Elezione nel Comitato Esecutivo e nomina a vice presidente

Gabriele Gravina, presidente della Federazione Italiana Giuoco Calcio (FIGC), è stato eletto nel Comitato Esecutivo dell’Uefa per il prossimo quadriennio, ottenendo ben 48 preferenze. Questo risultato lo pone come il secondo membro più votato, a pari merito con il tedesco Hans-Joachim Watzke e subito dopo l’olandese Frank Paauw (49 preferenze). In seguito, durante il Comitato Esecutivo successivo al congresso, è arrivata la nomina a primo vice presidente della Uefa, un ruolo di grande prestigio e responsabilità.
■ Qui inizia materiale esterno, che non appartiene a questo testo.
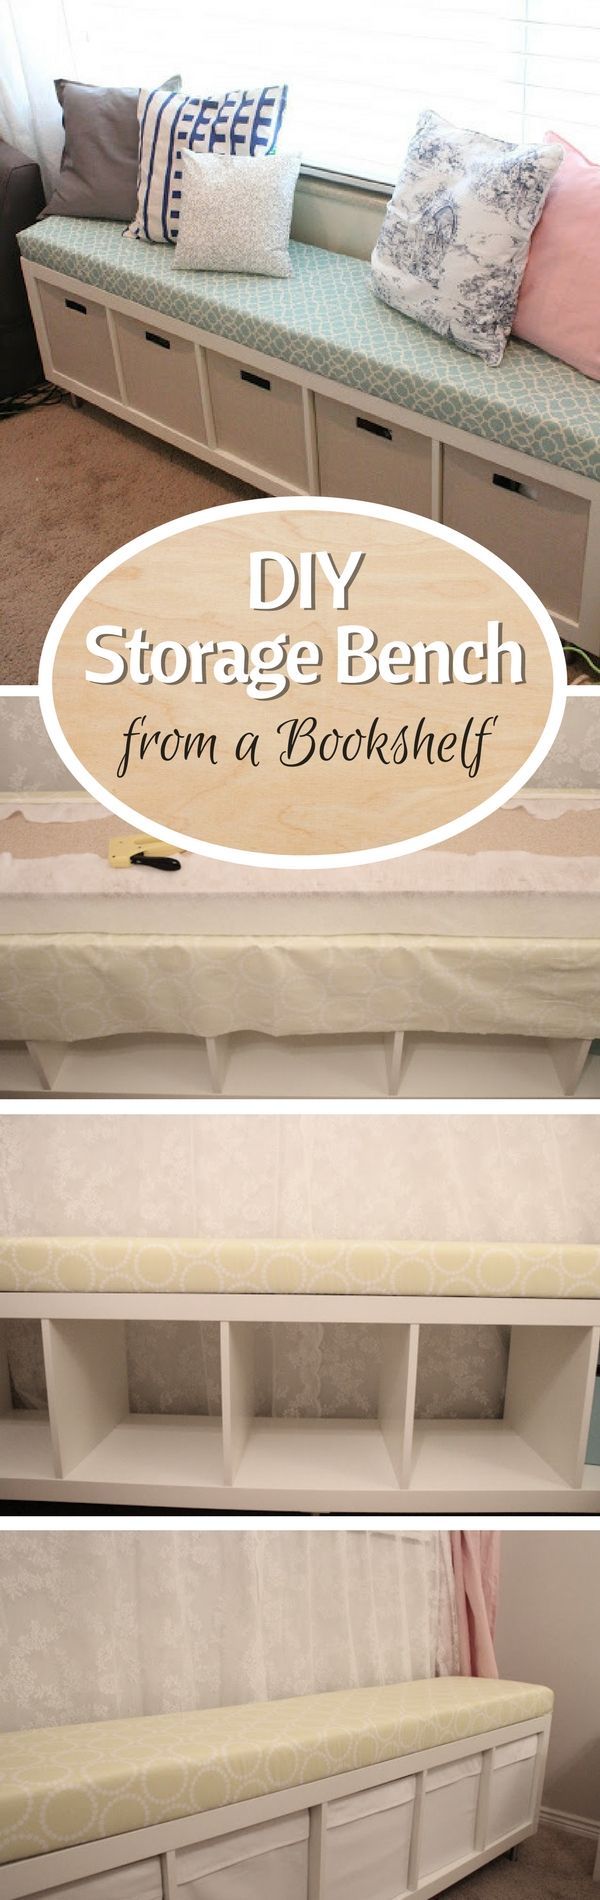 Check out how to turn a simple bookshelf into a DIY storage bench @istandarddesign

Le dichiarazioni di Gravina: orgoglio e responsabilità

Visibilmente emozionato, Gravina ha espresso il suo orgoglio e la sua gratitudine per questo importante riconoscimento: “Sono felice e orgoglioso. Questa elezione è un riconoscimento straordinario all’importante contributo offerto dal calcio italiano allo sviluppo dello sport che più amiamo.” Ha poi sottolineato come la credibilità del calcio italiano a livello europeo sia cresciuta grazie alle scelte compiute e alle politiche innovative implementate. Gravina ha concluso ribadendo il suo impegno a supportare il futuro del calcio europeo e ringraziando il presidente Ceferin e le altre Federazioni per la fiducia accordata.

Il plauso di Ceferin: un grande dirigente e una grande persona

Il presidente Uefa, Aleksander Ceferin, ha elogiato Gravina definendolo “un grande dirigente calcistico e una grande persona”. Ceferin ha espresso la sua fiducia nel contributo che Gravina potrà apportare all’Uefa, sottolineando la sua passione per il calcio e la sua dedizione allo sport.
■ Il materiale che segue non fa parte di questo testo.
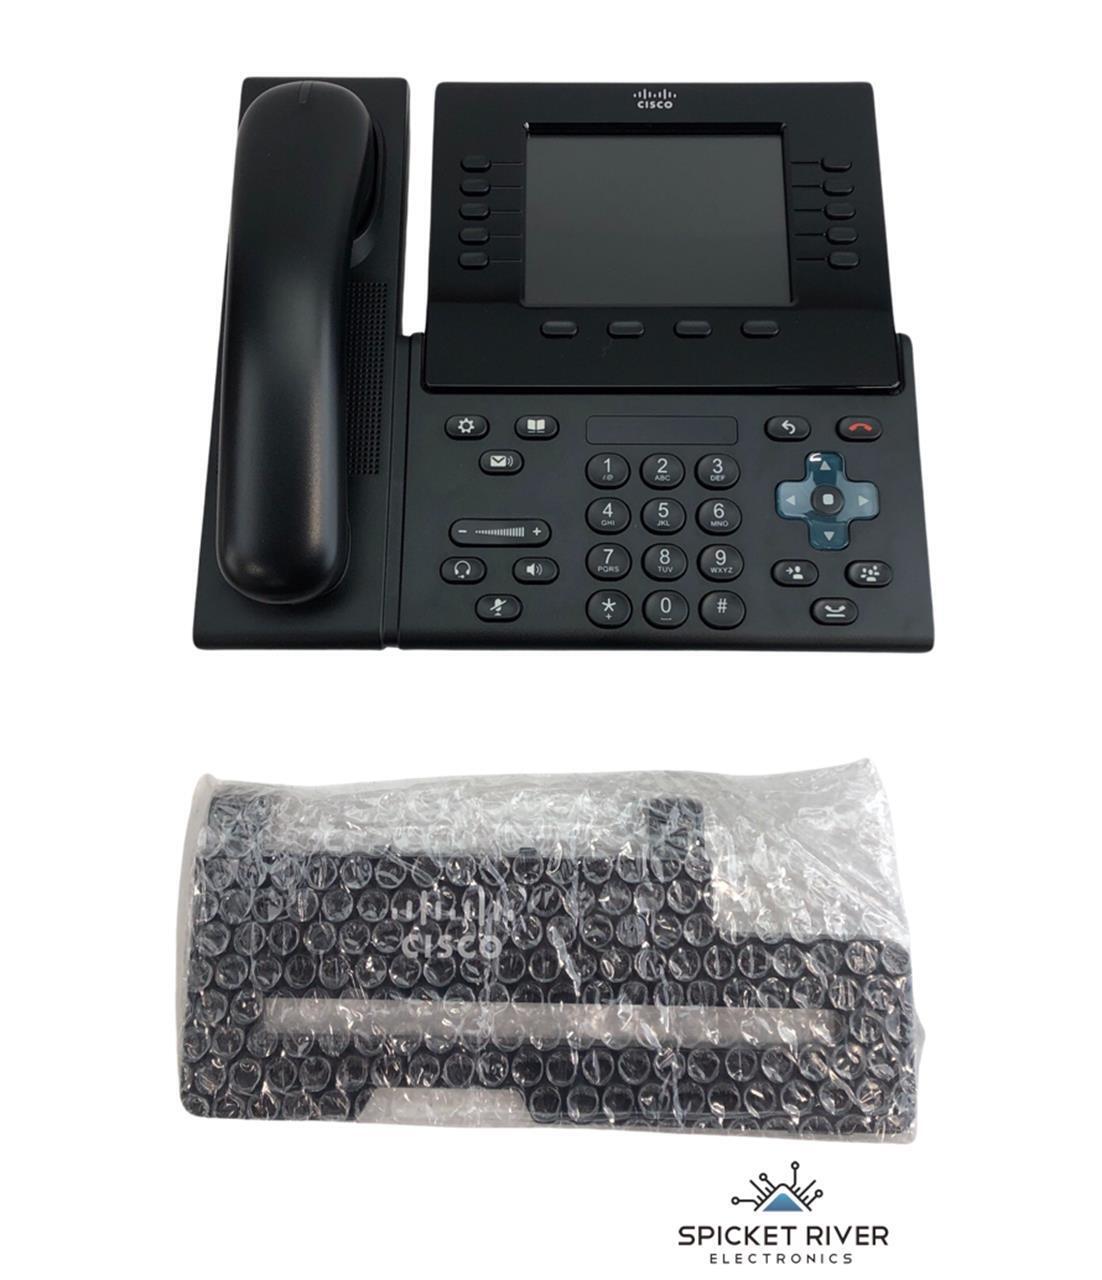 NEW - Open Box - Cisco CP-8961-C-K9 Unified IP Business Phone

Implicazioni per il calcio italiano

La nomina di Gravina a primo vice presidente Uefa rappresenta un’opportunità significativa per il calcio italiano. Questa posizione di rilievo permetterà all’Italia di avere una voce più forte nelle decisioni che riguardano il futuro del calcio europeo, influenzando politiche e strategie. Inoltre, la presenza di un italiano ai vertici dell’Uefa può favorire lo sviluppo del calcio giovanile e la promozione di un calcio più sostenibile e inclusivo.
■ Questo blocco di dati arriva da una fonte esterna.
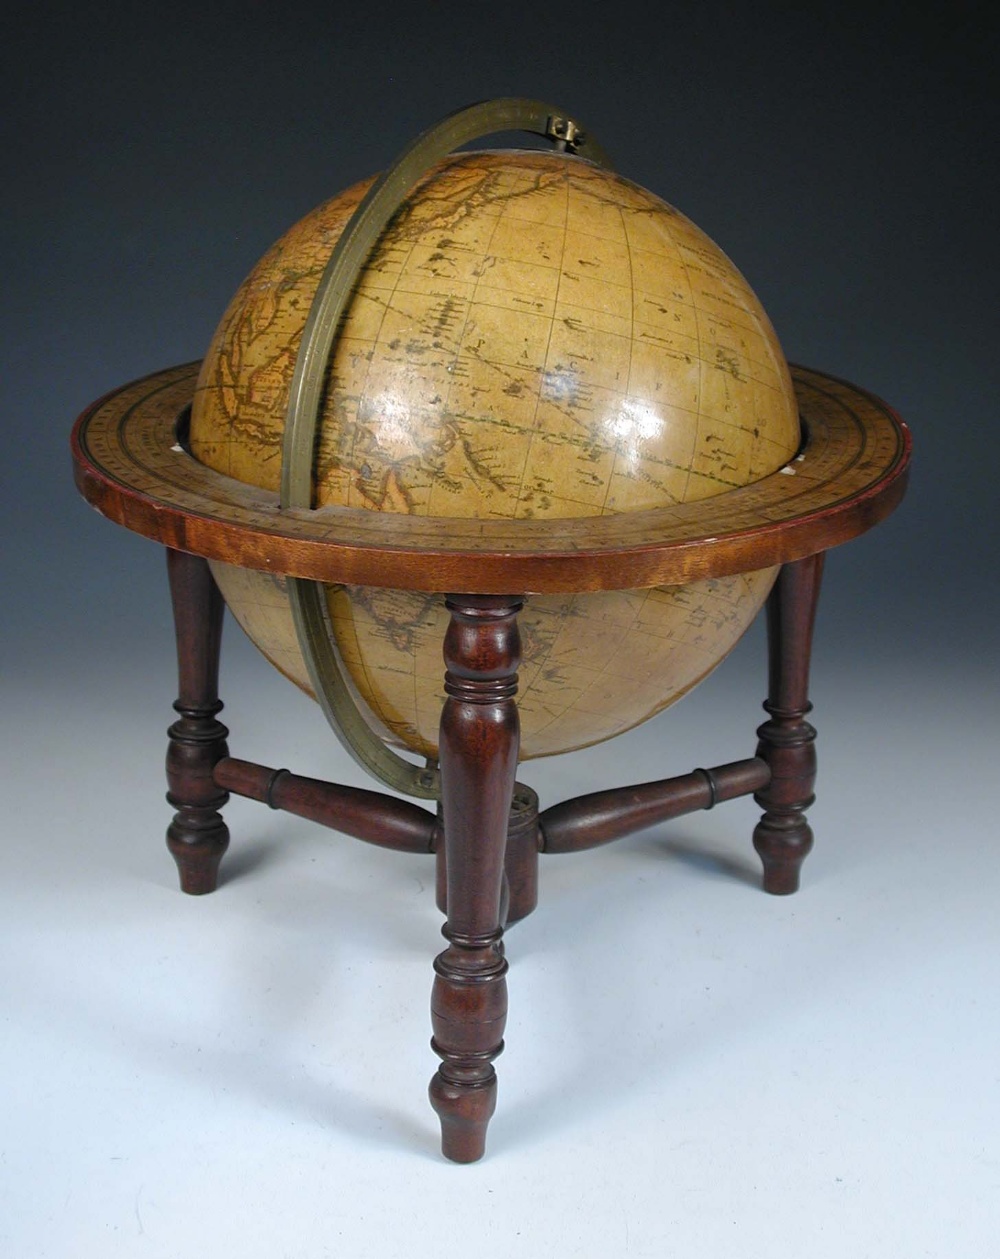 A Smith's Terrestial 10inch table Globe, 'containing all the most recent discoveries', varnished

Un segnale di fiducia nel calcio italiano

La nomina di Gabriele Gravina a primo vice presidente Uefa non è solo un riconoscimento personale, ma anche un segnale di fiducia nel calcio italiano. In un momento in cui il calcio europeo è chiamato ad affrontare sfide importanti, come la riforma delle competizioni e la sostenibilità finanziaria, la presenza di un dirigente italiano ai vertici dell’Uefa può contribuire a portare avanti una visione innovativa e costruttiva.